Only the lines from the one containing "WEIGHT WATCHERS 3" through the final line below belong in the output, copied exactly and without pictures.

Input data:
____________________

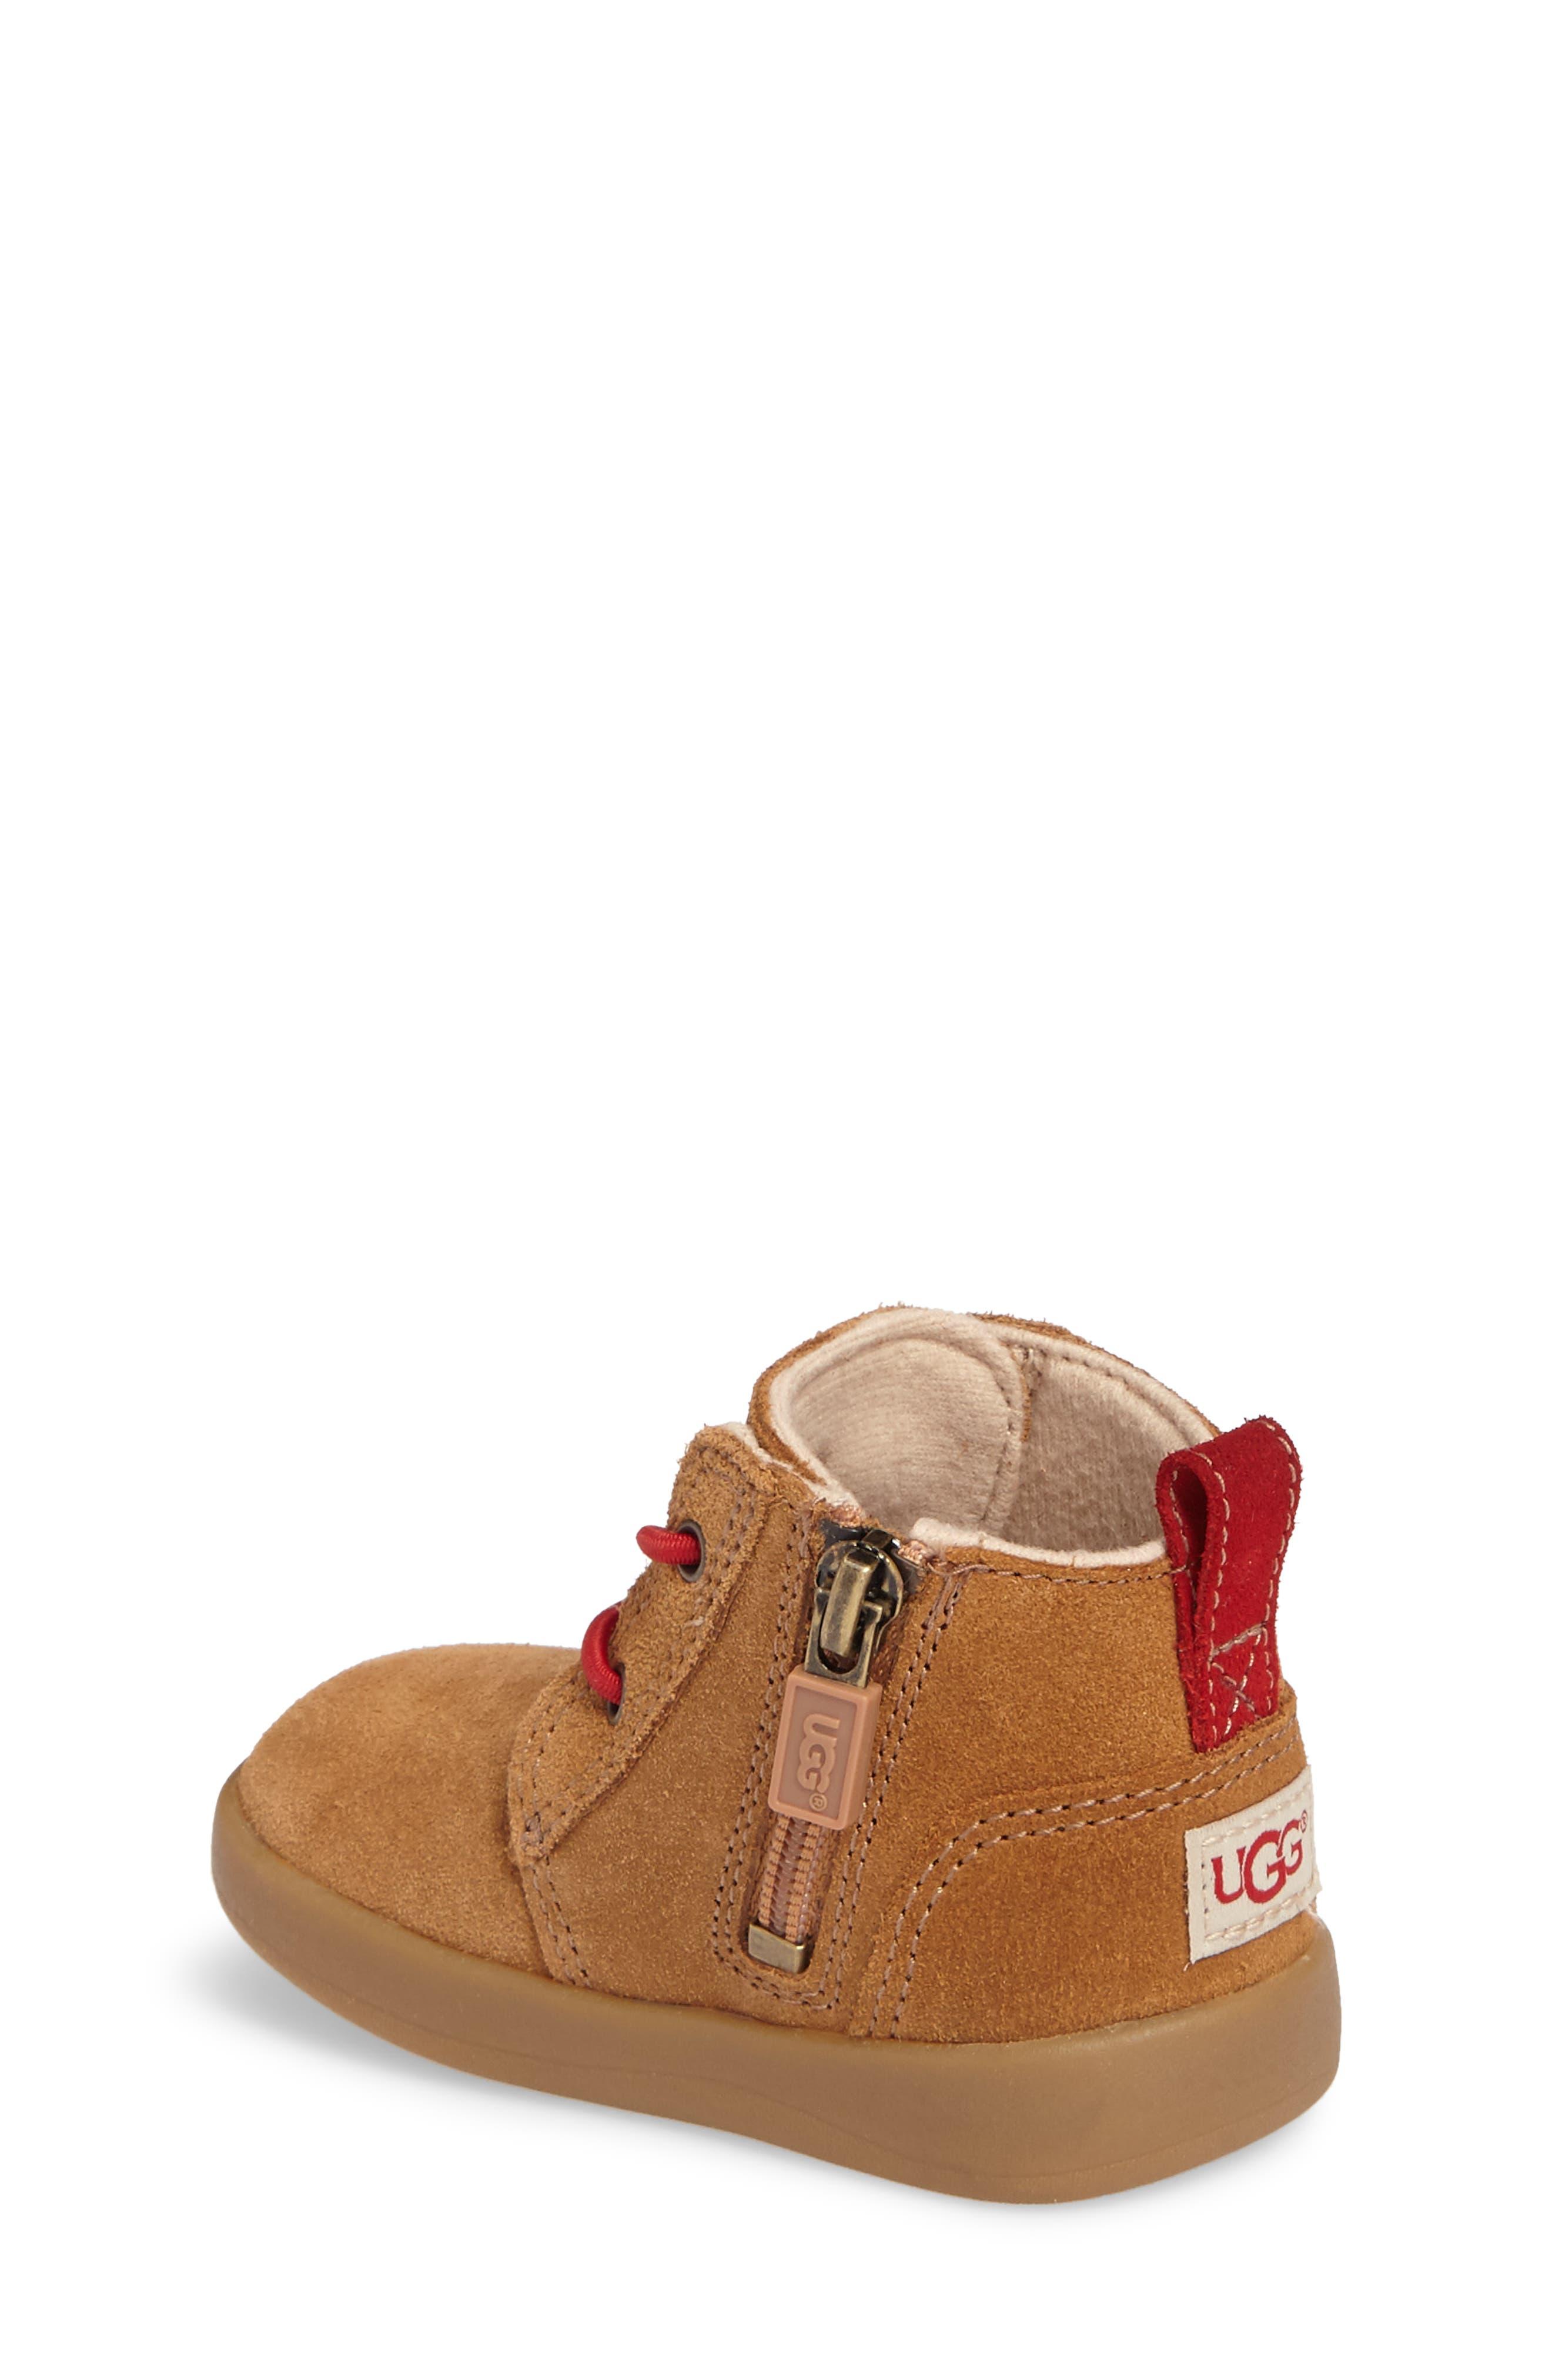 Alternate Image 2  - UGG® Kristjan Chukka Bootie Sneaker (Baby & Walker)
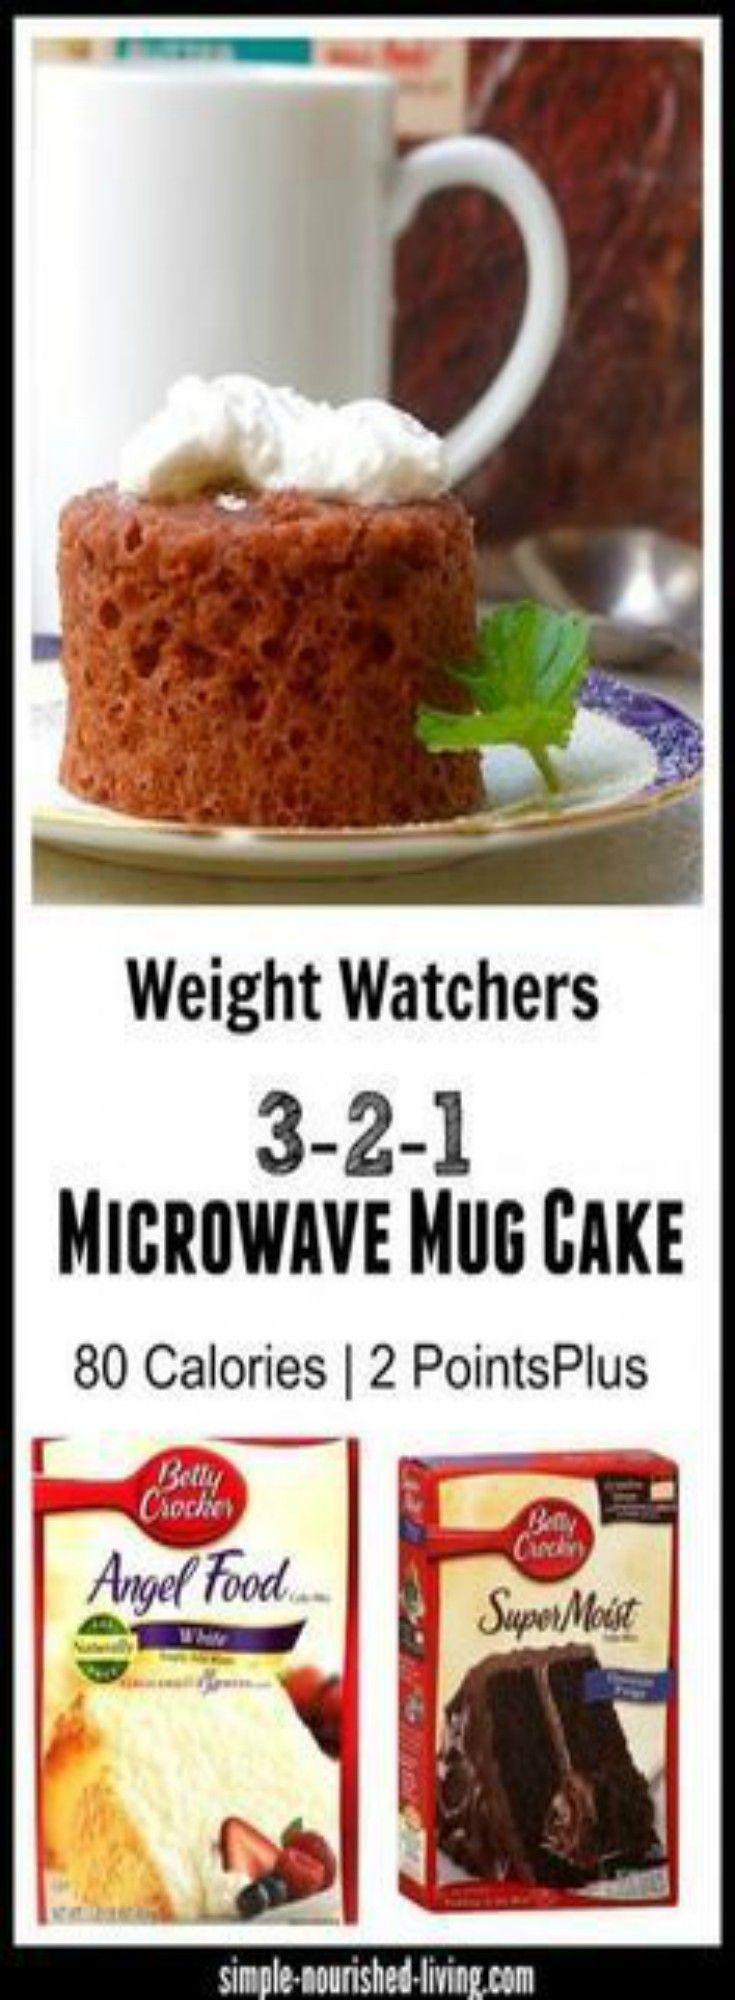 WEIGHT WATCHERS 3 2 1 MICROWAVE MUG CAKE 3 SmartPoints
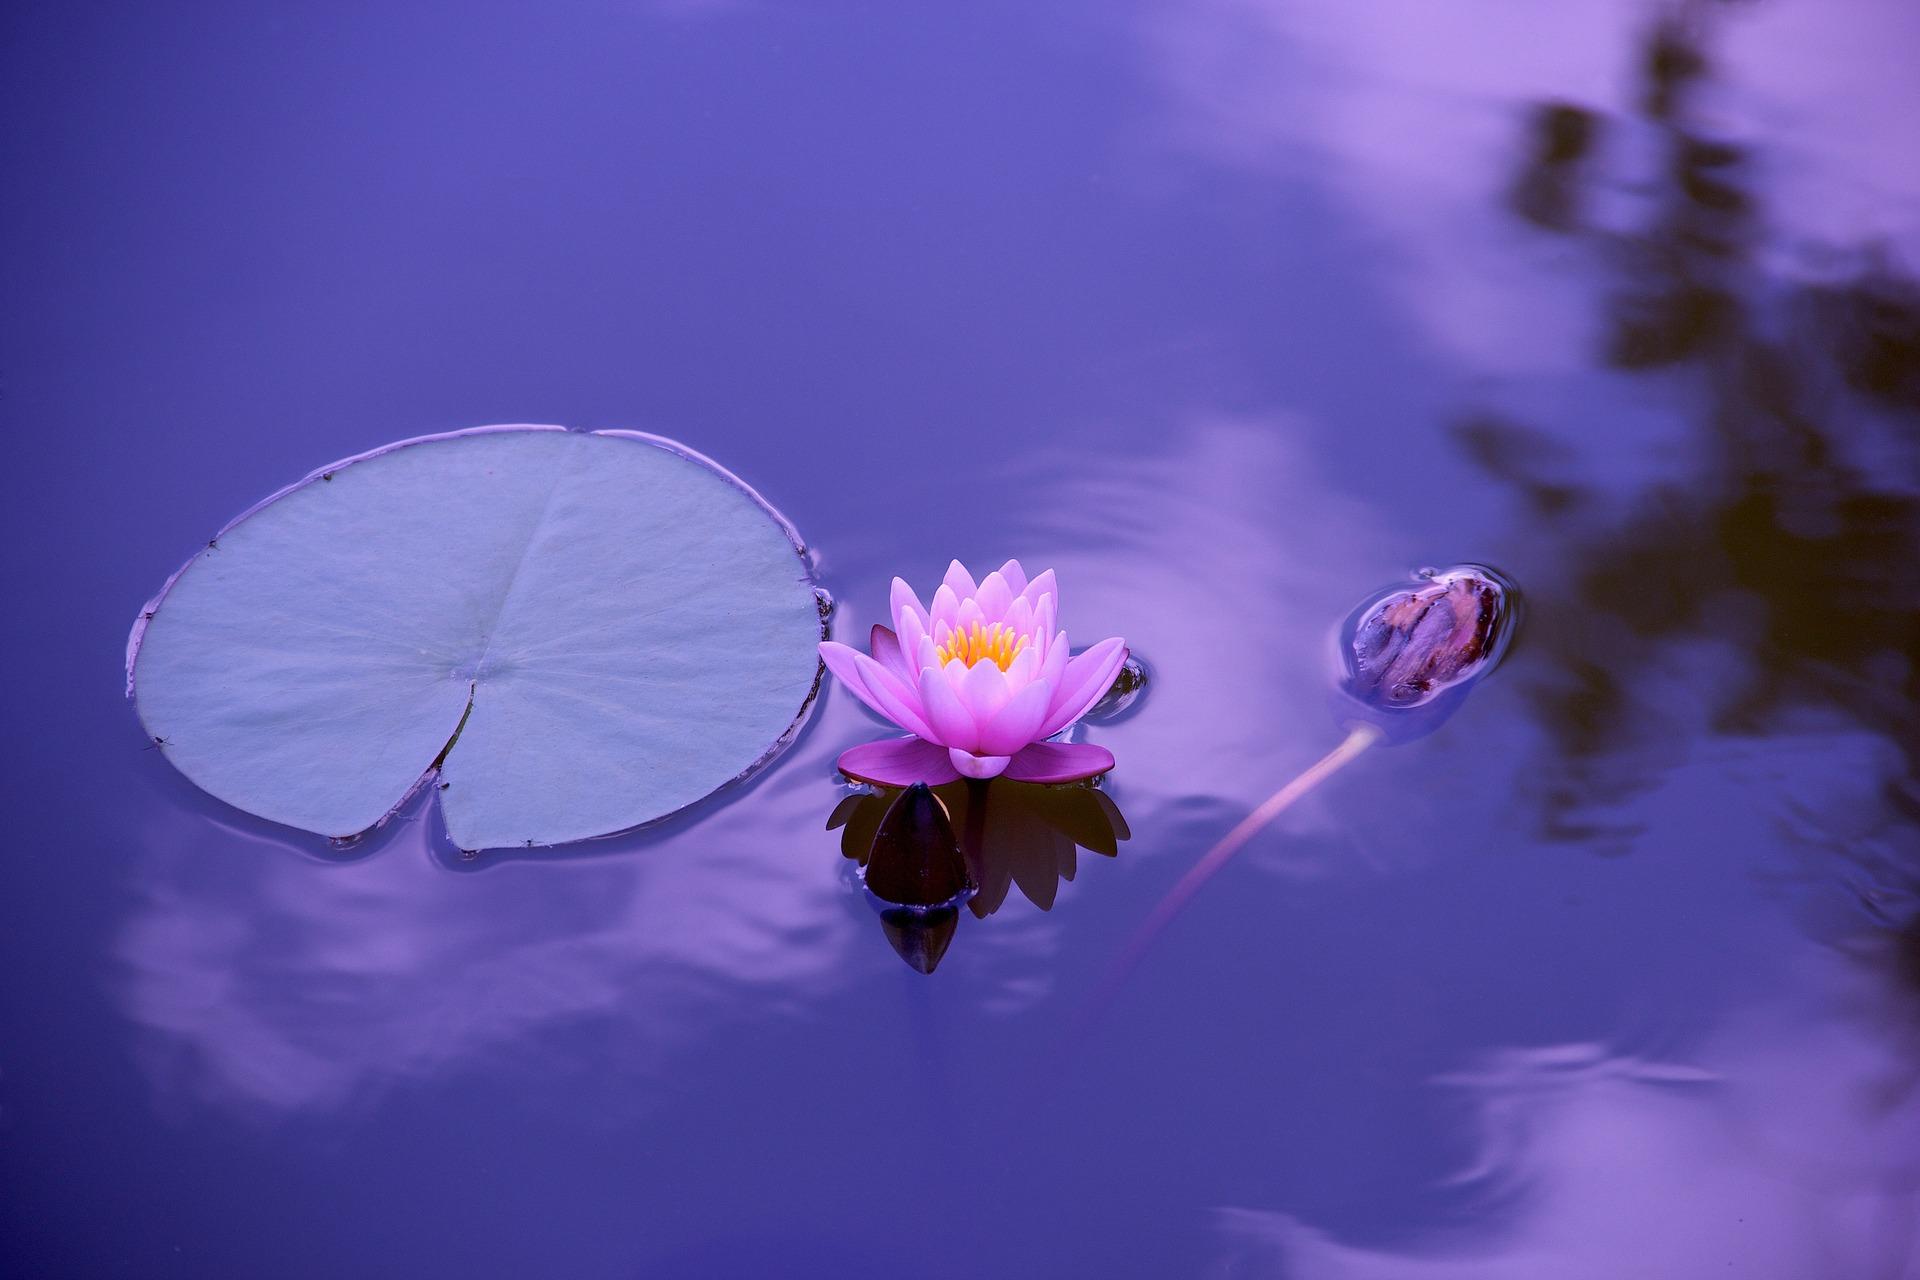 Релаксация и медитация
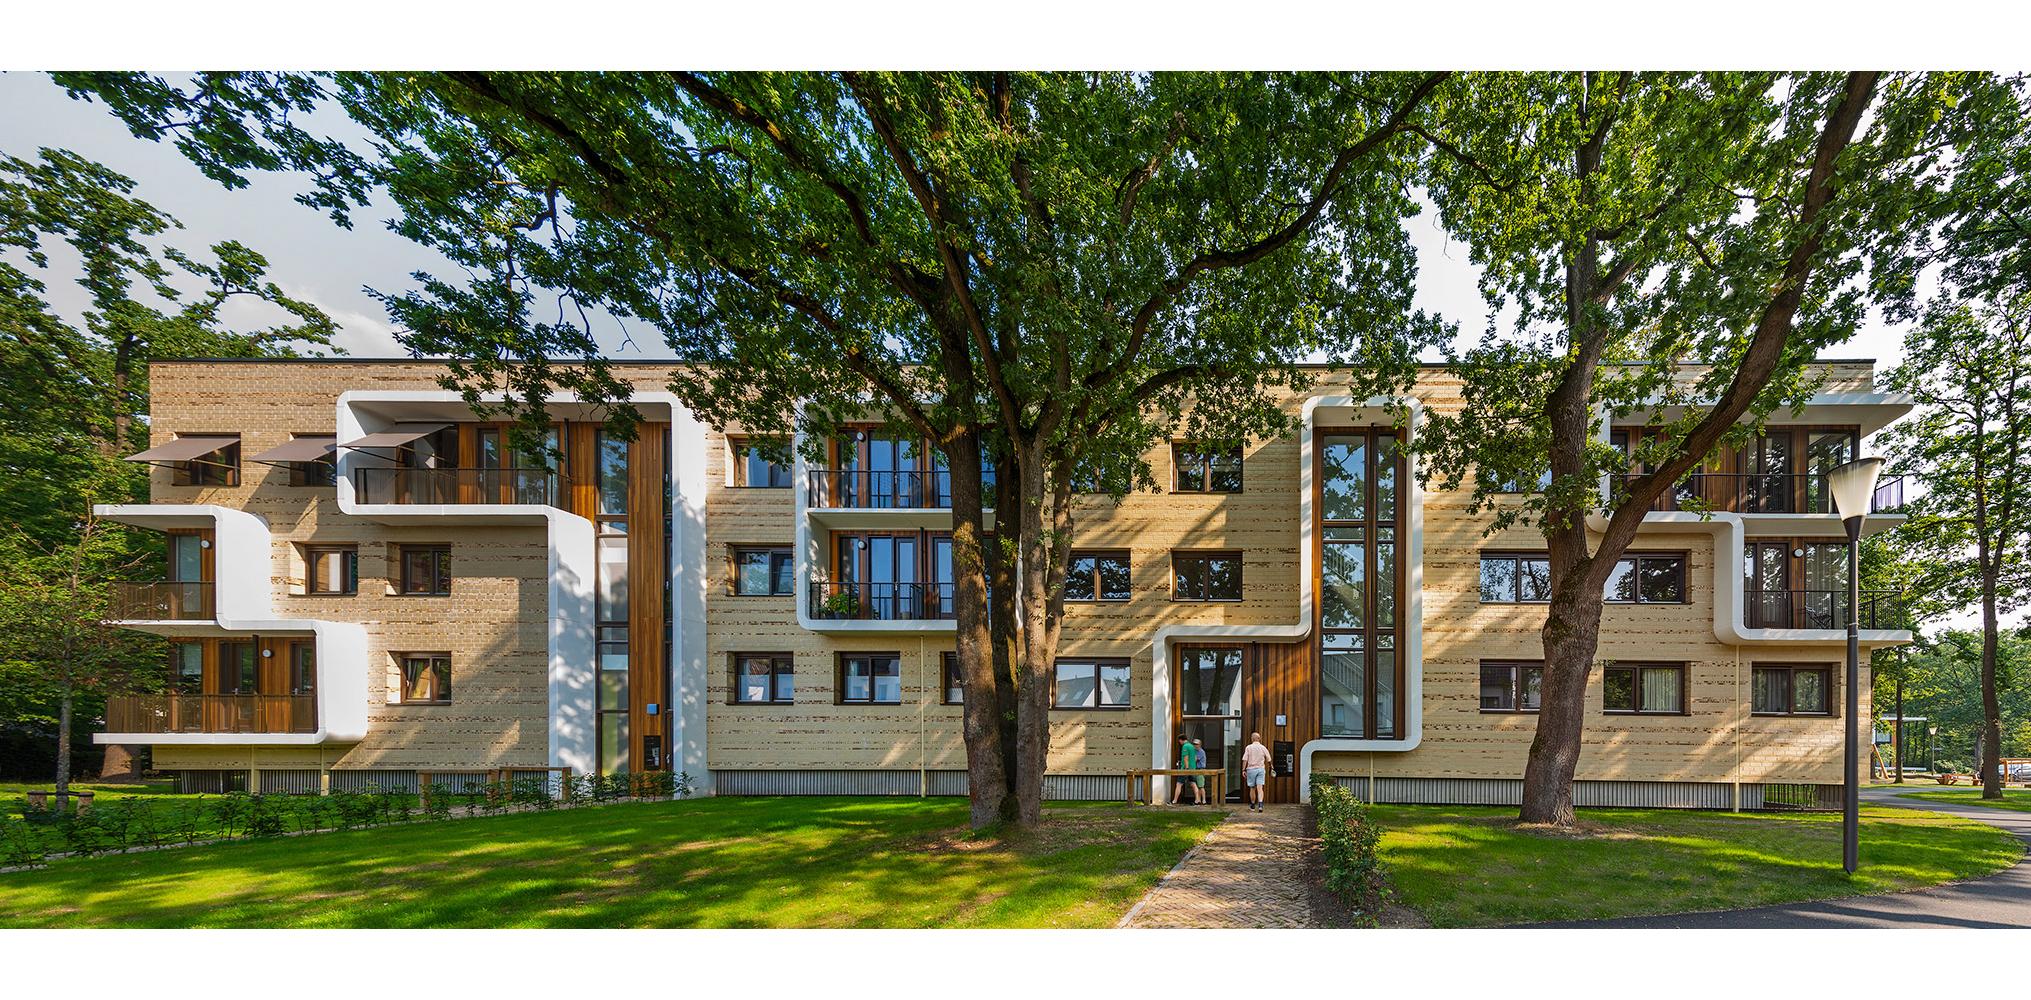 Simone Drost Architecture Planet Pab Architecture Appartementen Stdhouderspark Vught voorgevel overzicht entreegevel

____________________

Task output:
 WEIGHT WATCHERS 3 2 1 MICROWAVE MUG CAKE 3 SmartPoints
 Релаксация и медитация
 Simone Drost Architecture Planet Pab Architecture Appartementen Stdhouderspark Vught voorgevel overzicht entreegevel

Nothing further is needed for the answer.